----- Data to process

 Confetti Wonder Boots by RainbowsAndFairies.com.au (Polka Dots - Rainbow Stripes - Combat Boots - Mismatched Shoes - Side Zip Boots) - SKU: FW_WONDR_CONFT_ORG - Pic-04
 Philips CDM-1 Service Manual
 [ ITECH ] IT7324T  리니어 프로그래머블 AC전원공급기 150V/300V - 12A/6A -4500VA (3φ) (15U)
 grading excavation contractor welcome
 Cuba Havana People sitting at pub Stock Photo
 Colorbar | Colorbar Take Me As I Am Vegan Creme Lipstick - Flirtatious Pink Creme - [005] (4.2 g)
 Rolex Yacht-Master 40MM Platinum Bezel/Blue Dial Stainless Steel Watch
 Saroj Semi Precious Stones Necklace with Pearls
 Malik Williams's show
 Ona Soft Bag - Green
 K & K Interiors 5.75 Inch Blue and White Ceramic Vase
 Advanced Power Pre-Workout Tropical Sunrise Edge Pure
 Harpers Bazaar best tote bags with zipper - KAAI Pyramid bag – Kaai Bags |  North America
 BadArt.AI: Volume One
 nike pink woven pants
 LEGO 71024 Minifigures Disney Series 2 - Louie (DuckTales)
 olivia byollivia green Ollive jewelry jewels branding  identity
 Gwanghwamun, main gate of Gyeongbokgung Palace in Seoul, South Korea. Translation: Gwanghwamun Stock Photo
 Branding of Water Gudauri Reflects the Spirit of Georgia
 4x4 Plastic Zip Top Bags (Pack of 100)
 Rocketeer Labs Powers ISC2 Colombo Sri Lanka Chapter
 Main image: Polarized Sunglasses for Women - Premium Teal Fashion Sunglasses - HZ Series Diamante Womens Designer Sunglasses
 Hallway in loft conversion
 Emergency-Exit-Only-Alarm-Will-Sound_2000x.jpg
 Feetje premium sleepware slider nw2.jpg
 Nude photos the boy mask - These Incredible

----------

● Assigned task: The word to look for is "Bags"; copy out every line of the entries that holds it.

● Exercise result:
 Harpers Bazaar best tote bags with zipper - KAAI Pyramid bag – Kaai Bags |  North America
 4x4 Plastic Zip Top Bags (Pack of 100)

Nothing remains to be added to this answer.